Scaling Plans¶

This guide explains exactly how AVD scaling plans work — what Azure resource gets deployed, how the autoscaler evaluates capacity every 15 minutes, what happens in each of the four schedule phases, the difference between the two load-balancing algorithms, and how each IaC tool implements it.

Why Scaling Plans Exist¶

AVD session hosts are VMs. VMs cost money when they're running, even if nobody is using them. A scaling plan tells the AVD service: "At 7 AM, start turning on hosts. At 9 AM, make sure there's plenty of capacity. At 5 PM, start draining users and shutting down hosts. Overnight, keep just a handful running."
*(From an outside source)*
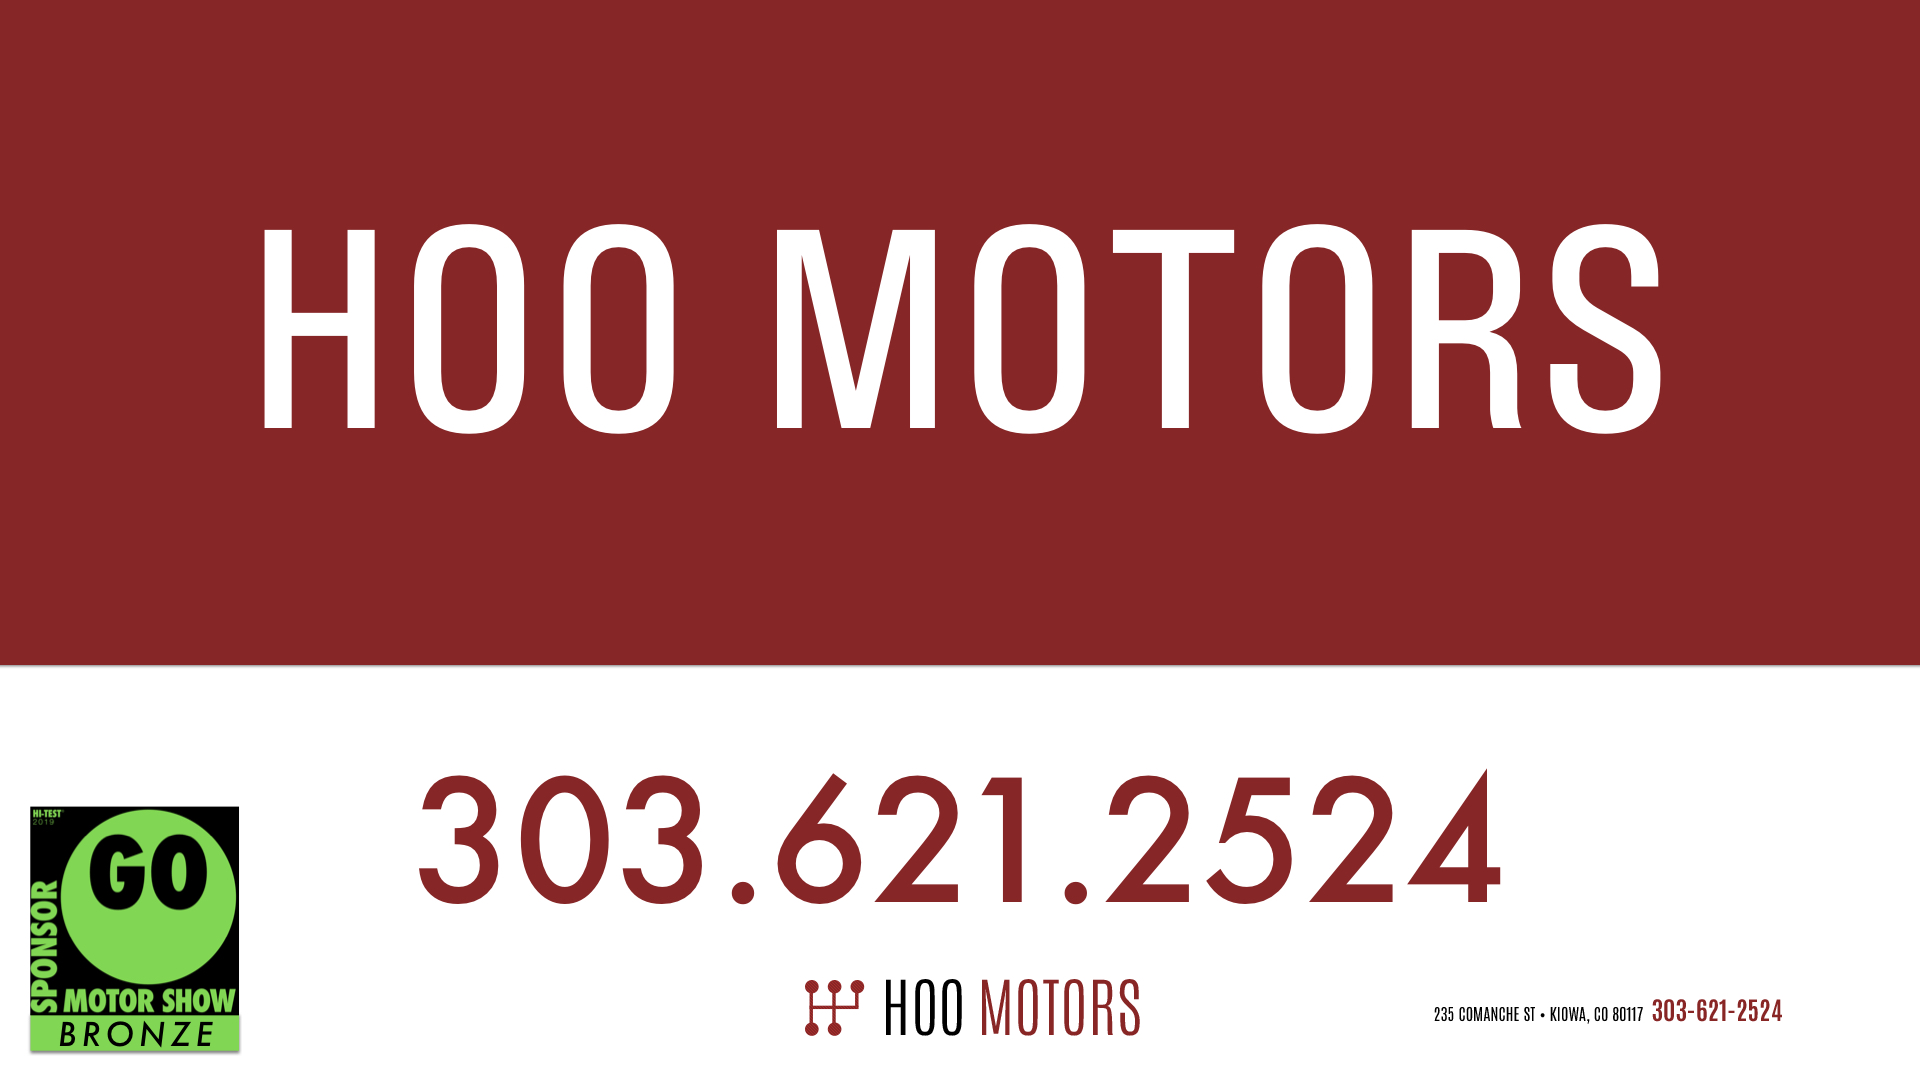 HOO MOTORS

Without a scaling plan, you either leave all hosts running 24/7 (expensive), or manually turn them on and off (error-prone, somebody forgets on Friday).

Scaling Plan Phases & Logic

Open the draw.io source for an editable version.

Pooled vs. Personal

Pooled host pools support full capacity-based autoscaling (this guide's focus). Personal host pools now also support scaling plans, but with a different model — personal scaling plans deallocate VMs based on user session state (signed out / disconnected), not capacity thresholds. This repo's IaC deploys scaling plans only for Pooled pools: count = var.scaling_enabled && var.host_pool_type == "Pooled" ? 1 : 0.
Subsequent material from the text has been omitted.